Frequently Asked Questions
Are Fiji’s rainforests safe to walk in?
Fiji’s forests are safe for visitors — there are no venomous snakes and no large predators of any kind. The main practical considerations are terrain (trails can be steep and slippery, particularly after rain), leeches (present on wet forest trails, harmless but unpleasant — long socks worn over trouser cuffs help), and sun exposure on exposed ridge sections. A local guide is strongly recommended for any trail beyond the well-marked paths at Colo-i-Suva and the Tavoro Waterfalls lower section. Wear solid footwear, carry water, and start early — the forest is most active and the temperature most manageable in the first hours after dawn.
What is the best island in Fiji for rainforest?
Taveuni is the answer for most travellers with a specific interest in natural history. It has the highest rainfall, the most intact primary forest, and the highest concentration of endemic species — including the silktail and the orange dove, neither of which is easily found elsewhere. Vanua Levu has extensive intact forest and very few visiting naturalists, which makes it rewarding for independent travellers willing to work harder for their encounters. On Viti Levu, Colo-i-Suva and the Koroyanitu highlands offer accessible forest within reach of both Suva and Nadi.
Is there a Fijian iguana, and can I see one?
Yes — Fiji is home to two native iguana species, the crested iguana (Brachylophus vitiensis) and the banded iguana (Brachylophus fasciatus), both of which are endemic to the Pacific and both of which are endangered. Wild sightings of the crested iguana are rare and largely confined to a small number of islands in the Mamanuca and Yasawa groups, including Yadua Taba, which functions as a wildlife sanctuary. The banded iguana is more widely distributed but still declining. The best opportunity for a guaranteed sighting is at Kula Wild Adventure Park on the Coral Coast, where both species are kept in well-maintained enclosures.

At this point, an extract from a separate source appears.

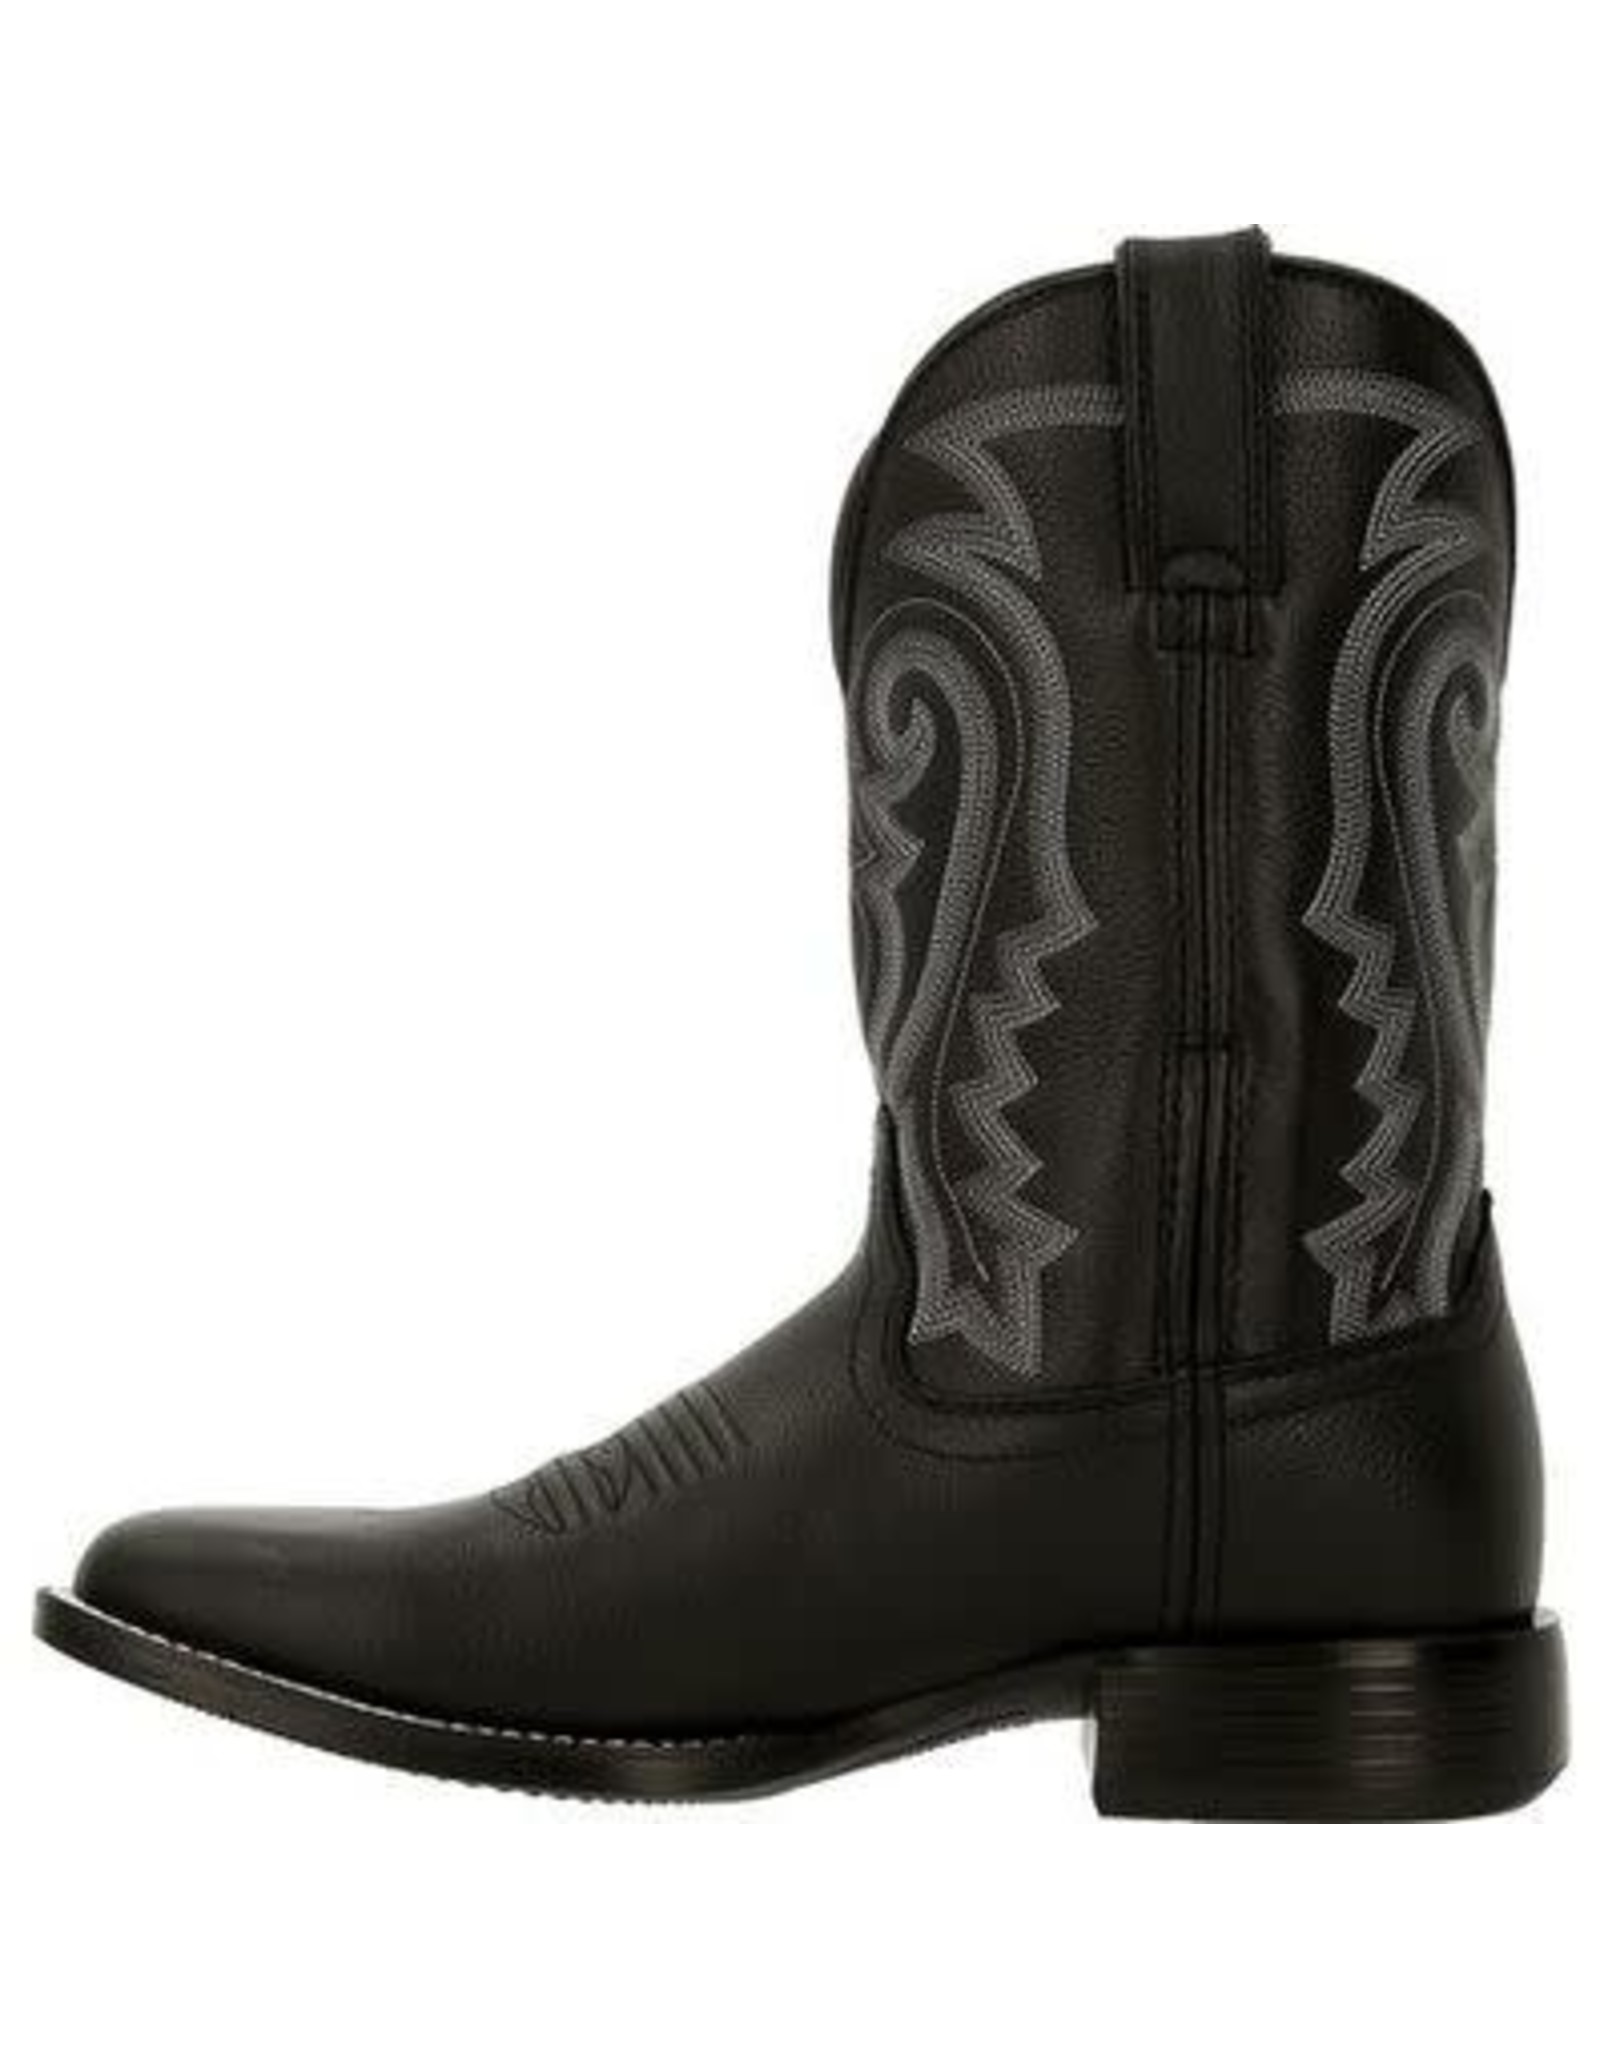 Durango Men's Westward Black Onyx DDB0340 Western Boots

What threats do Fiji’s rainforests face?
The main threats are introduced predators — mongoose, black rats, and feral cats, which prey on the eggs and chicks of ground- and understorey-nesting birds — and historical habitat clearance for agriculture and logging, which has fragmented the forest cover on the main islands. Climate-related changes in rainfall patterns are an emerging concern for forest composition. The Fiji government, alongside conservation organisations including the Wildlife Conservation Society and BirdLife International, manages a number of protected areas specifically to address these pressures. Taveuni remains more intact than the main islands partly because the mongoose was never introduced there — an accident of history that has had significant positive consequences for its wildlife.